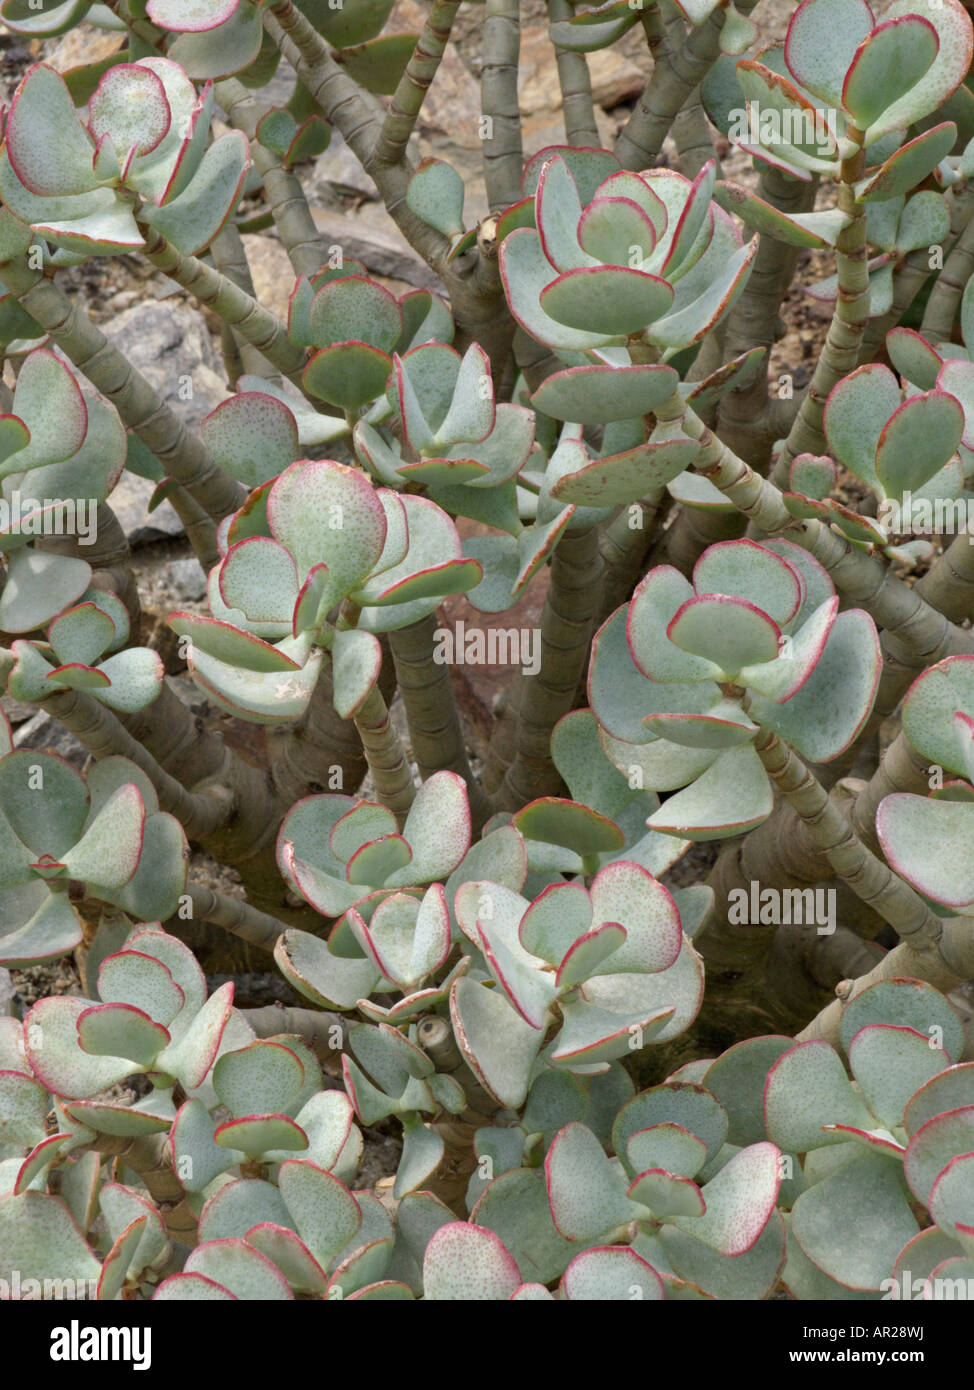 Silver dollar plant (Crassula arborescens) Stock Photo
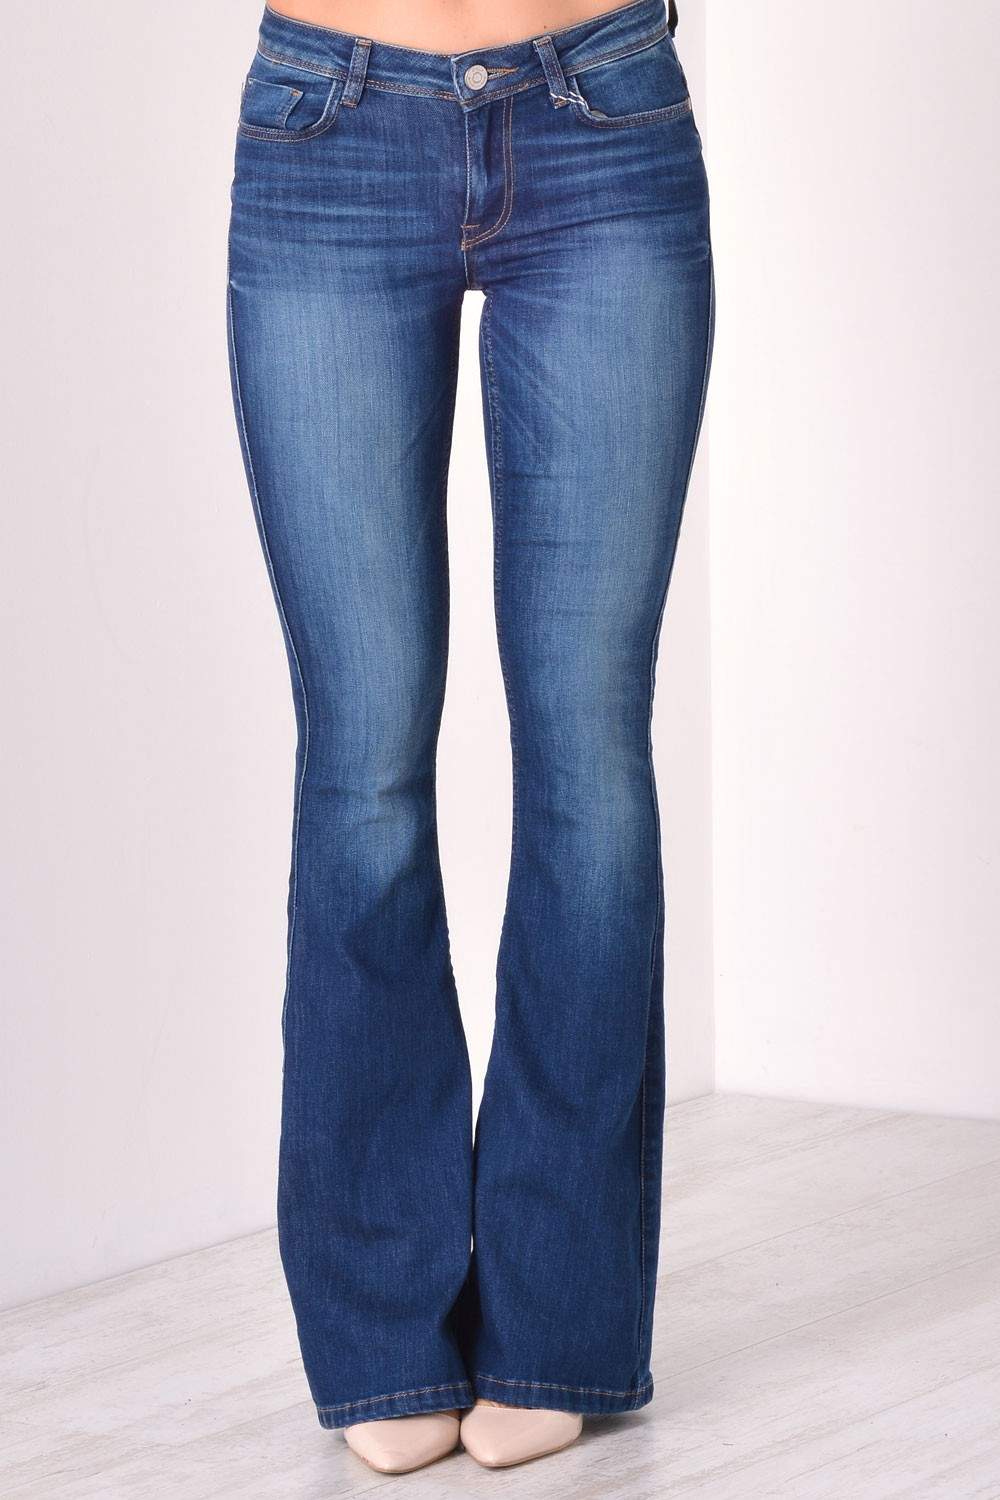 Only Gigi Short Length Flared Jeans | iCLOTHING
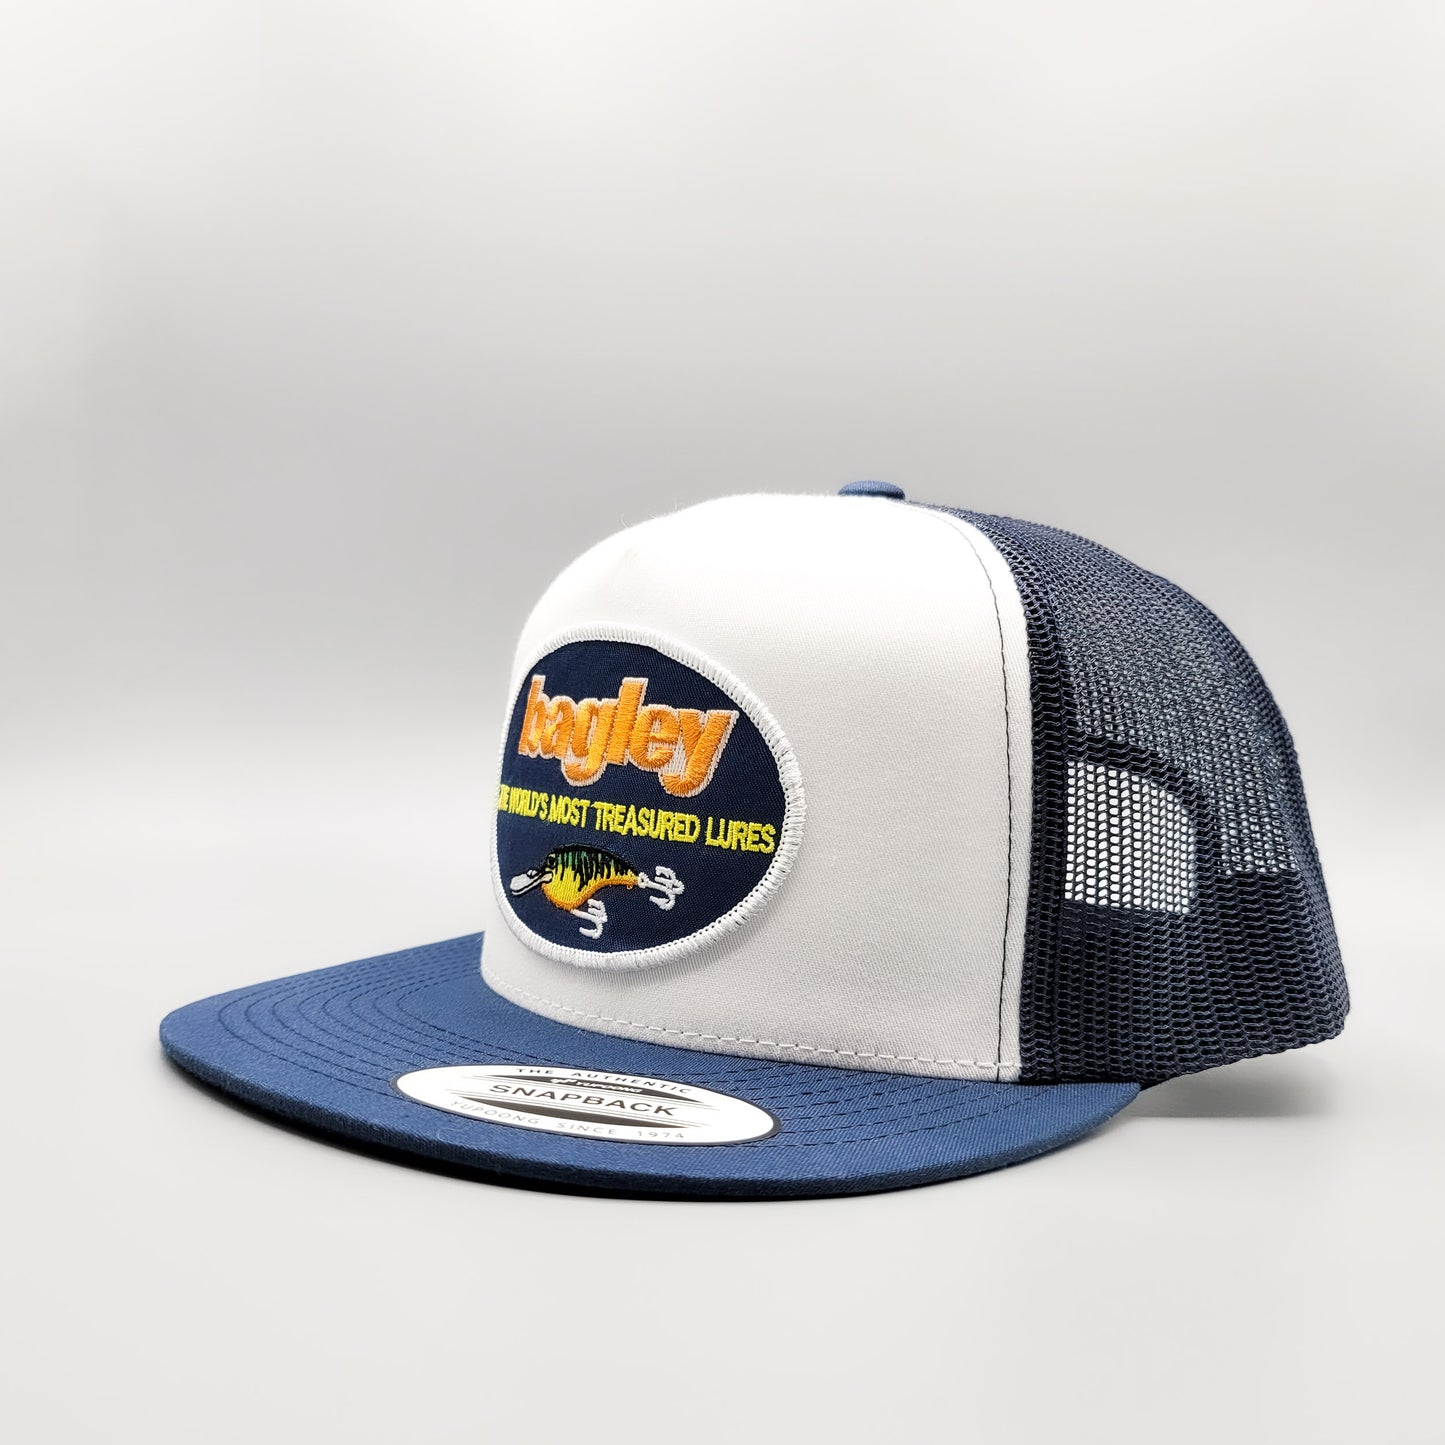 Bagley Fishing Lures Trucker Hat

★ ★ ★ ★ ★ ★ ★

What this task involves: Your task is to write out, exactly and without pictures, only the lines from the one holding "Only Gigi Short" to the last line of the data.

Worked solution:
 Only Gigi Short Length Flared Jeans | iCLOTHING
 Bagley Fishing Lures Trucker Hat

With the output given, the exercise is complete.